她是给医师领到指定位置坐下的,医护室里只有她一个“待扎者”。
小护士捻着微凉的消毒棉球,擦在她耳垂上。
陶鹿一动不动坐在位置上,双手攥紧撑在膝头,紧张害怕的情绪随着等待时间的推移,越来越高涨。世上最可怕的事情,就是未知。
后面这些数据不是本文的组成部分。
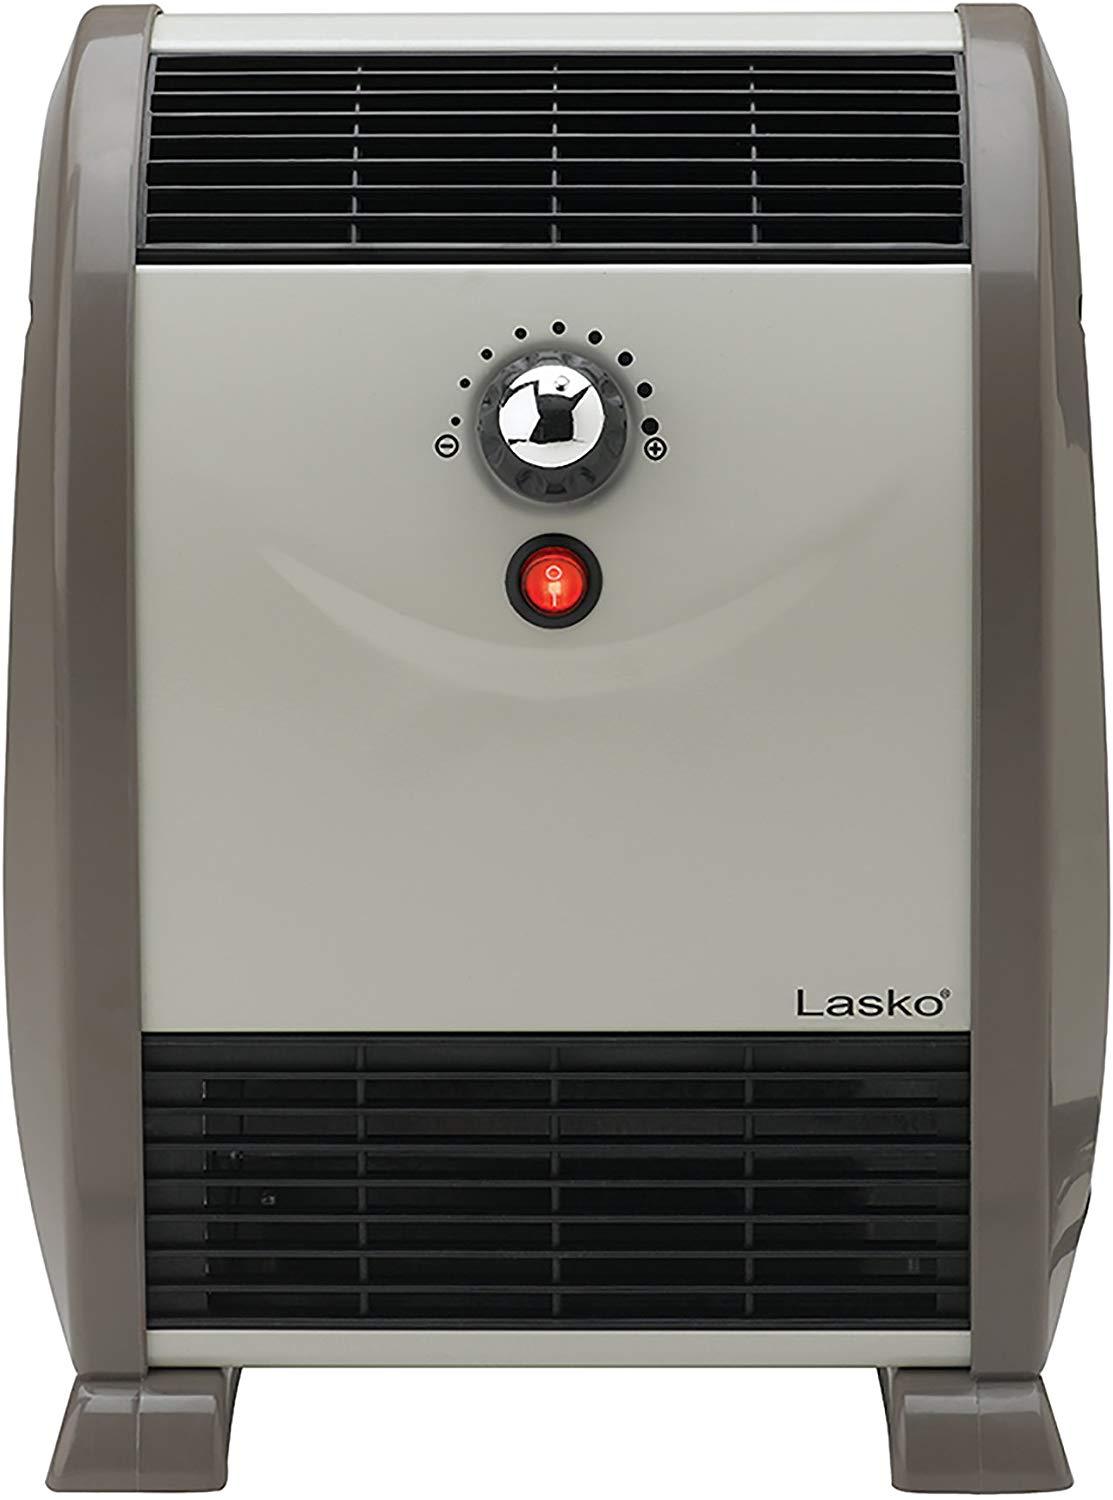 Lasko 5812 750w Automatic Air Flow Electric Space Heater Graphite

她没有打过耳洞,可能的疼痛在想象中无限放大。搓着手指,她眼睁睁看着女医师手拿枪状仪器走进来,“姐姐……”她声音颤颤的,“会很疼么?”
女医师微笑摇头,然而并不能减缓陶鹿的恐惧。
叶深原本手插裤兜在一旁看着,看她怂怂的样子,忽然想起当初在“天宫”吃饭,女孩故意折腾他,还吹嘘想打鼻钻的情景来,忍不住轻笑了一声。
陶鹿没什么力度地瞪他一眼,颤声道:“你还笑……”仿佛下一秒就要哭出来。
叶深垂眸看她。
女孩的确是怕得厉害,脸色比刚从练功房里出来时还白上一分,抵在膝盖上的双手竟然在微微发颤。
既然这么怕,为什么还一定要打耳洞呢?不懂这小姑娘的心思。
叶深叹了口气,俯身弯腰,握住了女孩发颤的手,“没事儿的。”
陶鹿愣住,心跳漏了一拍。
小护士捂住嘴,脸都红了。
连已近中年的女医师都忍不住露出了温柔的笑。
陶鹿视线里唯一剩下的,就是覆在她拳上的那只大手。
温暖的,可靠的。
他第一次握住她的手。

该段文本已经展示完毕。